12 de Setembro – MAIS CARO O “MOLHO DO QUE O PEIXE”

Busca pelo corpo perfeito requer atenção especial

Apesar de comuns, as cirurgias plásticas também apresentam riscos; uma campanha vai esclarecer dúvidas da população 
”Todo mundo tem ânsia de parecer bem e nada melhor do que uma cirurgia plástica para devolver a auto-estima perdida pela falta de forma.” A afirmação é do presidente da regional paranaense da Sociedade Brasileira de Cirurgia Plástica (SBCP), Manoel Augusto Cavalcanti, que esteve ontem em Londrina para lançar campanha de esclarecimento sobre a importância da primeira consulta e a escolha de profissionais qualificados.
Para o cirurgião, porém, candidatos à cirurgia ”precisam saber muito bem quem é o médico com quem irão se tratar, para que não frustrem seu sonho de resgatar a auto-estima e não se tornem vítimas de sérios problemas de saúde”.
Segundo Cavalcanti, a palavra de ordem é se consultar apenas com profissionais filiados à SBCP. ”A Sociedade é um clube fechado.

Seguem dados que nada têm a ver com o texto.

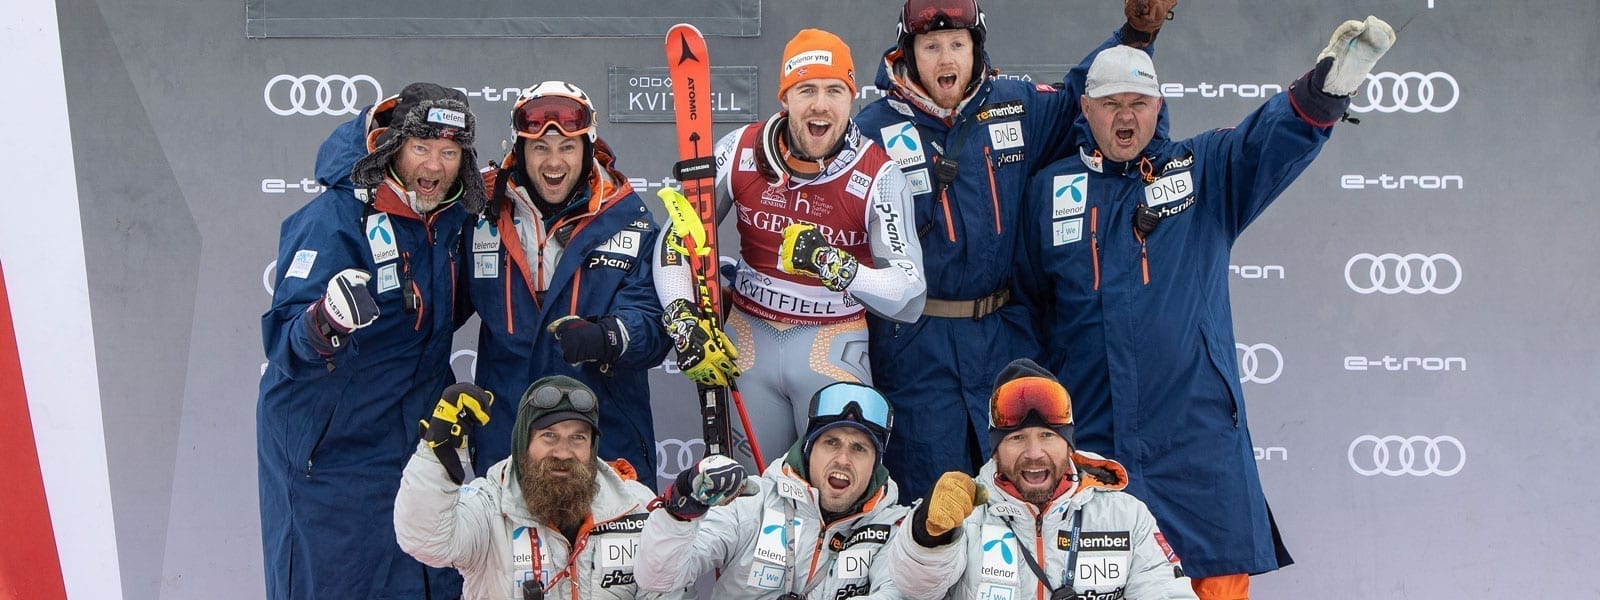 【フェニックス】Norway Alpine Team

Além dos seis anos de graduação e dois anos de residência, o profissional deve ter três anos de experiência em cirurgia plástica”, comentou o médico, ressaltando que os cirurgiões são submetidos, periodicamente, a exames teóricos e práticos.

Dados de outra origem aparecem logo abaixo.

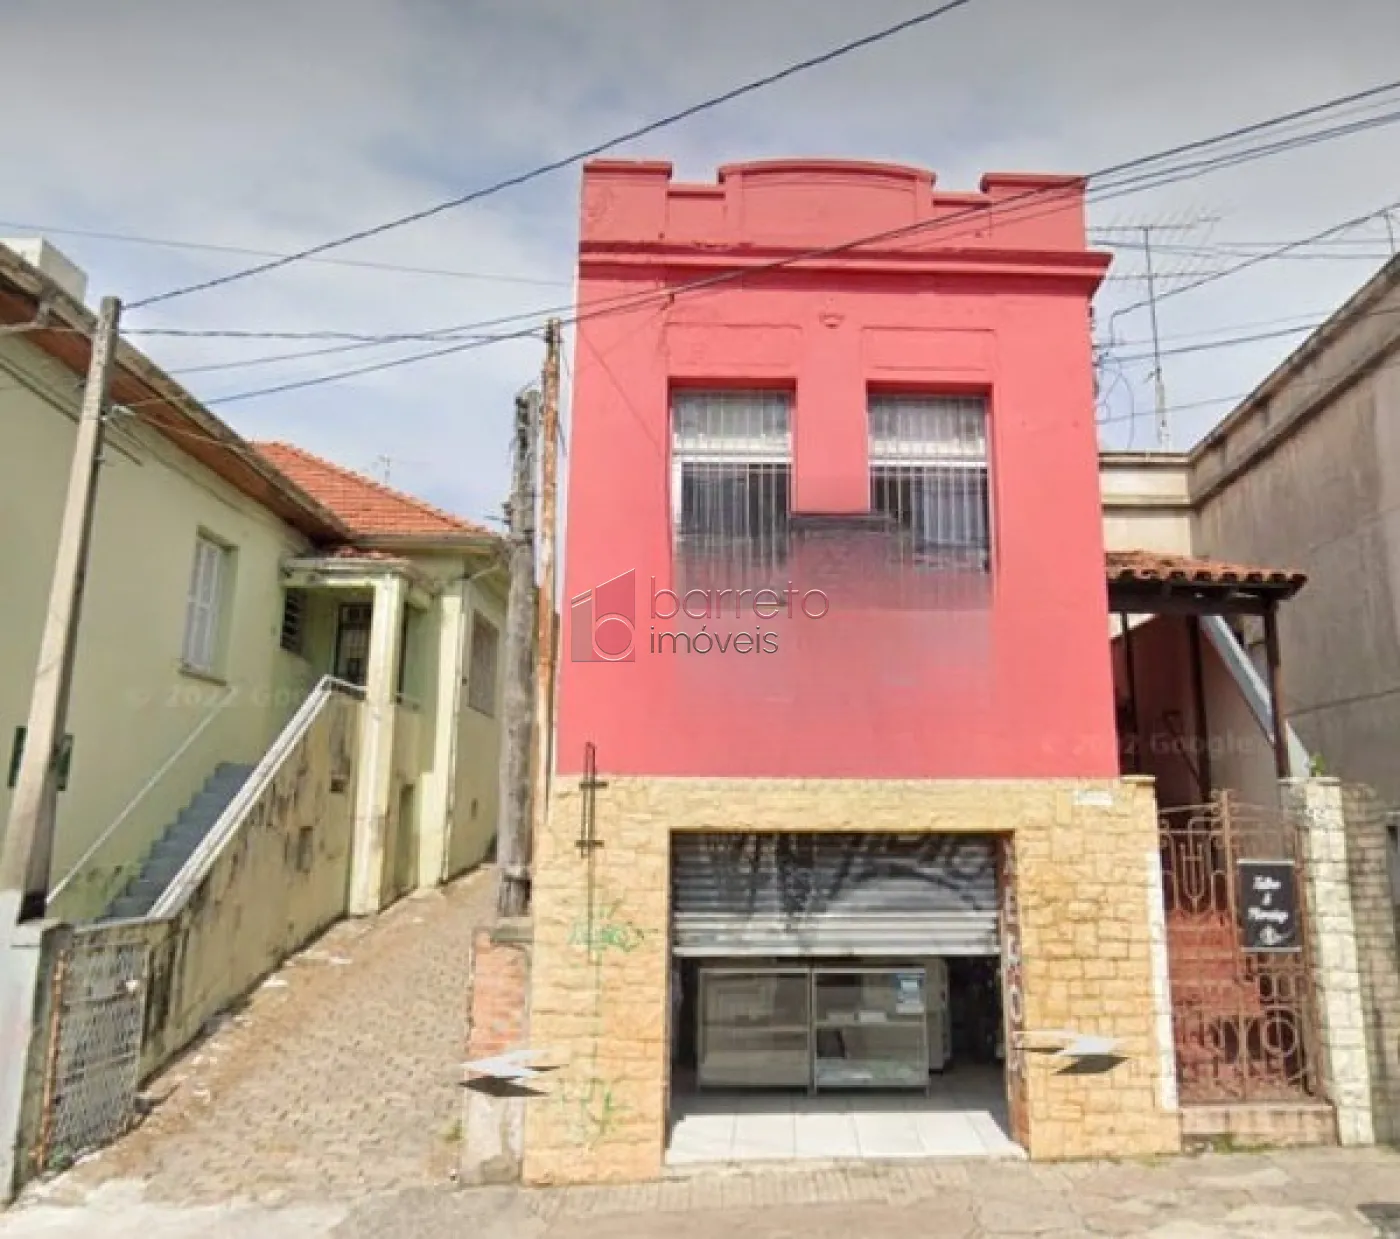 Comprar Casa / Padrão em Jundiaí R$ 500.000,00 - Foto 1

”Isso não quer dizer que acertamos sempre, mas certamente diminui a margem de erros nas cirurgias”, completou Cavalcanti. Relacionamento aberto com o paciente, não esconder os detalhes da operação e explicar não só os benefícios mas também os riscos são requisitos básicos de uma boa conduta profissional.

Outra bandeira levantada pela campanha é o combate à banalização da cirurgia plástica. Conforme Cavalcanti, hoje é comum o pagamento em longas prestações ou até a realização do procedimento em clínicas de estética, sem condições de higiene, por profissionais não especializados.

Segundo o médico, mais de 90% dos problemas decorrentes de uma cirurgia mal sucedida envolvem profissionais que não são cirurgiões plásticos. Para ele, o profissional aventureiro perde em termos éticos. ”Só de atuar numa área que não é a sua, o médico já está cometendo um erro ético.”
O Brasil é hoje o segundo maior mercado do mundo quando o assunto é cirurgia plástica, perdendo apenas para os Estados Unidos. Apesar das cirurgias estéticas terem maior visibilidade, 41% dos procedimentos correspondem a cirurgias reparadoras. Números do Ministério da Saúde mostram que, em 2005, o Sistema Único de Saúde (SUS) realizou mais de 37 mil cirurgias desse tipo.
Pacientes entre 15 e 19 anos já correspondem a 20% dos clientes em busca do corpo perfeito. Entre as cirurgias mais procuradas, a lipoaspiração responde por mais de 50% do total de procedimento. Em seguida estão as cirurgias de mama, face, pálpebras, orelha, pescoço e abdome.